This issue was exemplified earlier in the week when I contacted Mark Williams of Fathers Reaching Out to ask him if he would like to help me to round up the discussions we’d had on Facebook about maternity experience from the perspective of Dads and Partners.  Mark replied that he’d “love to be part of the team if you need a person to do the dads work…..”  There is no team Mark.  It’s JFDI!

Of course, there is one team of people who are actively engaged in looking into maternity services, and that is the panel of the National Maternity Review.  I tweeted as many of the panel as I could find to encourage them to take a look at the #MatExp campaign, and I know that some of them are already not only aware of the campaign but are actively engaging with it.  I had an email conversation with Rowan Davies, Head of Policy & Campaigns at Mumsnet, where she agreed to take a look at the various #MatExp platforms as part of her work on the panel.  And of course Sheena Byrom is putting up a series of blog posts about What The National Maternity Review Team Should Know.  The first of these covers engagement with the #MatExp campaign.  Another of my ACTIONS for #FlamingJune is to write a piece for this series myself.  More of that another day!

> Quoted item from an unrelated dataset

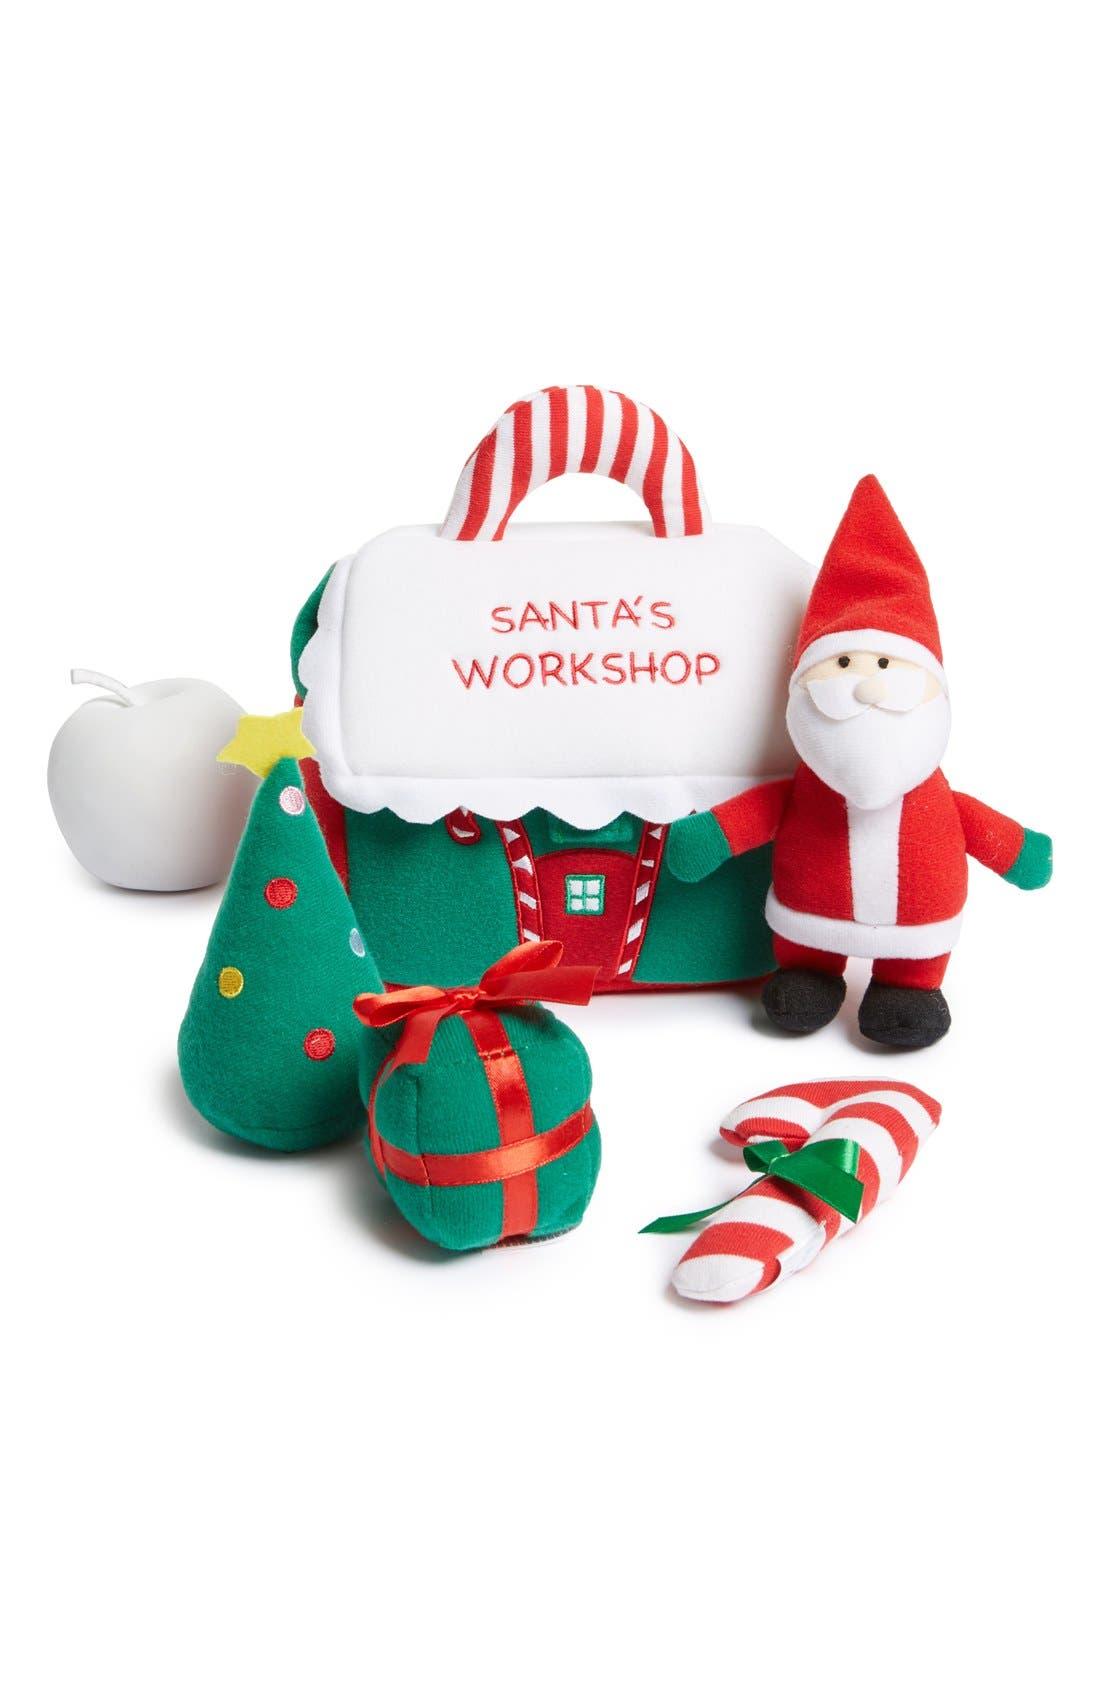 Gund 'Santa's Workshop' Plush Play Set (5-Piece)

#MatExp – Lights, Camera, Action!

On 12 May Leigh Kendall and I thought about starting a Facebook group for the #MatExp campaign. JFDI and all that, the group was started two days later. Three weeks in and we’re at 450 members. You’ve got to love this campaign, nothing happens slowly!

Facebook group

The group is administrated by Leigh, Emma Jane Sasaru, Susanne Remic and me, and is the Facebook outlet for a campaign that has already gained huge momentum on Twitter. Florence Wilcock, the obstetrician at Kingston Hospital who started the campaign, has always wanted it to be focused on ACTION and this theme is central to the group. Each day a group member starts a thread on a chosen topic with questions/talking points and a request for actions that families and birth professionals can take to improve maternity experience in this area. We ask that actions are S.M.A.R.T. 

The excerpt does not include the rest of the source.